• Given data

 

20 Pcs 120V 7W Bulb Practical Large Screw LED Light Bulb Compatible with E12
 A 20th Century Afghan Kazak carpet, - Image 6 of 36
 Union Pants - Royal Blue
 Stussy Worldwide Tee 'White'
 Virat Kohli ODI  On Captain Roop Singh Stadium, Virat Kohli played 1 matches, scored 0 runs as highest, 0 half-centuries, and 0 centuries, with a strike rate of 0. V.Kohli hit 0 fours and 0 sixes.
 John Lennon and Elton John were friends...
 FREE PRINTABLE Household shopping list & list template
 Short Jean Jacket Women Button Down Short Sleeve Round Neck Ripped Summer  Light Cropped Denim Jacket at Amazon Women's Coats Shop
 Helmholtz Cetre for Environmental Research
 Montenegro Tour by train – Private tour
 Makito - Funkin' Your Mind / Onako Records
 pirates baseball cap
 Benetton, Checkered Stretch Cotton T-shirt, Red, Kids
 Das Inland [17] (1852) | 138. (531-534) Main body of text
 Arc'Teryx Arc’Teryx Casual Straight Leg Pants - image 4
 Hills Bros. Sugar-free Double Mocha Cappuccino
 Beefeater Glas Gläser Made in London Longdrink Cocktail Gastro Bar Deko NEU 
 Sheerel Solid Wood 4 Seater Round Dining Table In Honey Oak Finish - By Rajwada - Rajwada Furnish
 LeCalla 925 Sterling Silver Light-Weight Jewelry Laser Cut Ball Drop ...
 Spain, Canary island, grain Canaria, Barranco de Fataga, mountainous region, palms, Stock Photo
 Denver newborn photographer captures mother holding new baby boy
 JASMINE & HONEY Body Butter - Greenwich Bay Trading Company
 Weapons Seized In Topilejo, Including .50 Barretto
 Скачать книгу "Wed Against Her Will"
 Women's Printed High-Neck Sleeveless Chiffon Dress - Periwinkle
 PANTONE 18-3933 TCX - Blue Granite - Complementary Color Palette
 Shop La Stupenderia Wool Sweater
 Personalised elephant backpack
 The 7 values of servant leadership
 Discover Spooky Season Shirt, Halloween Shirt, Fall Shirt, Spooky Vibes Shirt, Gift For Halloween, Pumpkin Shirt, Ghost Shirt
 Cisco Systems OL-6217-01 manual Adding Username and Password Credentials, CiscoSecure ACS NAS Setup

• The task
Filter the listing by the string "Light"; copy each matching line.

• Solution for this problem
20 Pcs 120V 7W Bulb Practical Large Screw LED Light Bulb Compatible with E12
 Short Jean Jacket Women Button Down Short Sleeve Round Neck Ripped Summer  Light Cropped Denim Jacket at Amazon Women's Coats Shop
 LeCalla 925 Sterling Silver Light-Weight Jewelry Laser Cut Ball Drop ...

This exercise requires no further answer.